При имени Стабровской Михайло Аполлоныч вздрогнул, будто его ужалила змея. Слух и сердце его приковались к словам рассказчика. Тот продолжал:

– Скупал я их по дорогам в великороссийских губерниях, недавно отправил обоз с русскими ящиками до границ Могилева. Все это уложено в ящиках, наглухо заколоченных, под именем чайных цибиков и разных колониальных товаров. Часть их примут в Могилевской губернии, другую, большую часть, отправят в Витебскую через евреев. Сколько я мог узнать, в последней складывают товар в имении Стабровской, которое досталось ей по наследству от одного родственника, в костеле, недостроенном в пятидесятых годах. Постройка была запрещена тогда местным начальством. Вы знаете, что новые костелы, вследствие указа, воздвигать запрещено. Хотя покойный пан и отзывался, что строит музей, где будут поставлены бюсты великих мужей и фамильные, но полиция на этот раз настояла на своем.

– Что слышно о сынках Стабровской? – спросил Ранеев.

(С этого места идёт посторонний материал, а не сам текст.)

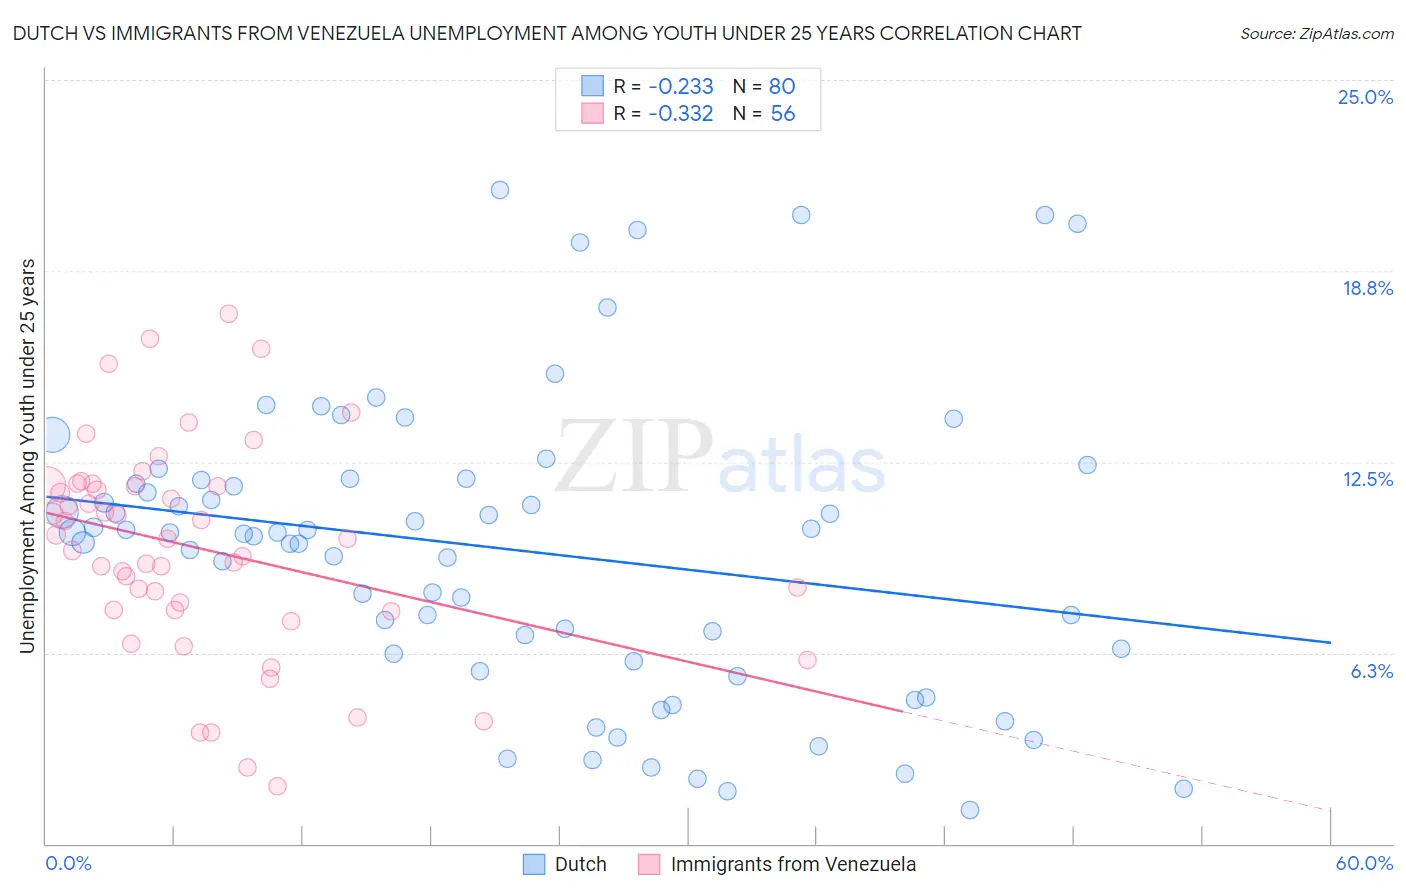 Dutch vs Immigrants from Venezuela Unemployment Among Youth under 25 years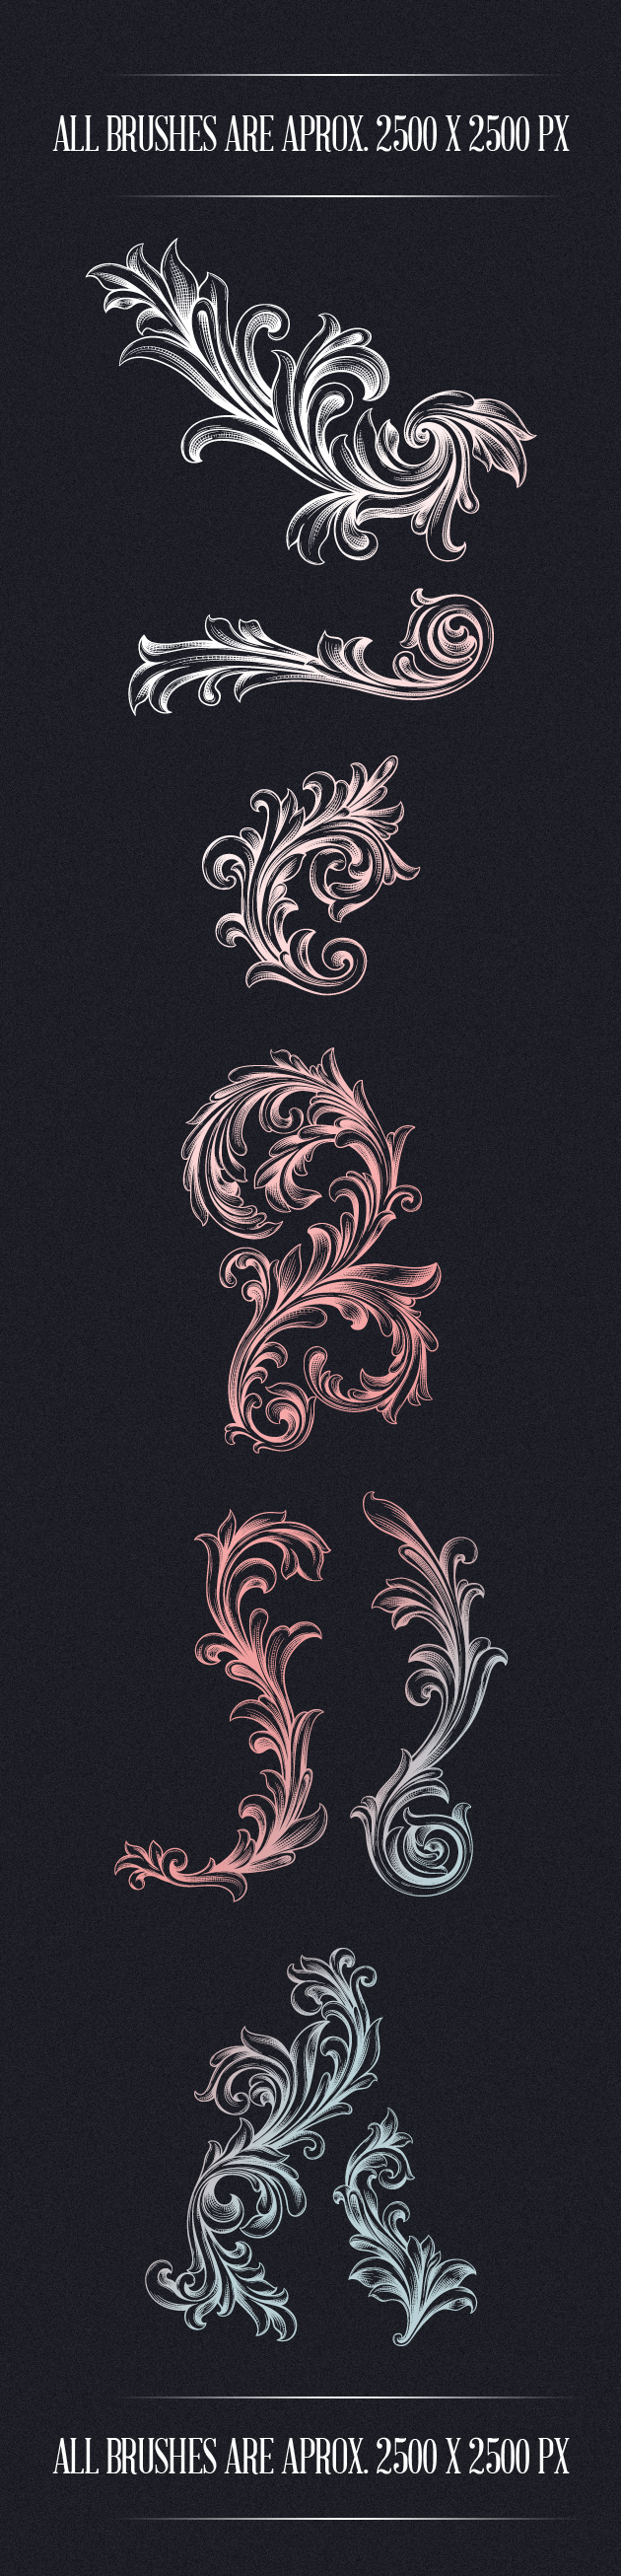 Engraved Floral Photoshop Brushes 2

– Слыхал от евреев, они знают все, что делается не только на земле, но и под землей, – говорят, будто меньшой, бежавший из полка, пропал без вести. Старший при ней, да что-то не ладят, часто ссорятся, хотел было возвратиться в Москву, однако ж, мать ублажила, остался.

Многозначительное «гм!» вырвалось из груди Ранеева.

– Нельзя ли вам дать знак кому-нибудь…

– При последних днях моей жизни я не берусь за это. Тут нужны энергия и сила для поездок… и тут… меня и тебя затаскали бы, поляки взяли бы свое.

Ранеев махнул рукою и потом погрузился в думу, наконец сказал:

– Не слышал в своей губернии о полковнице Зарницыной?

– Кого я не знаю! Ее зовут Евгенией Сергеевной. Такая полная, черные брови дугой, красивая барыня, даром ей гораздо за сорок. Умная, бойкая барыня, добрейшая душа. Я и ей доставляю из Москвы чай. Дама на редкость…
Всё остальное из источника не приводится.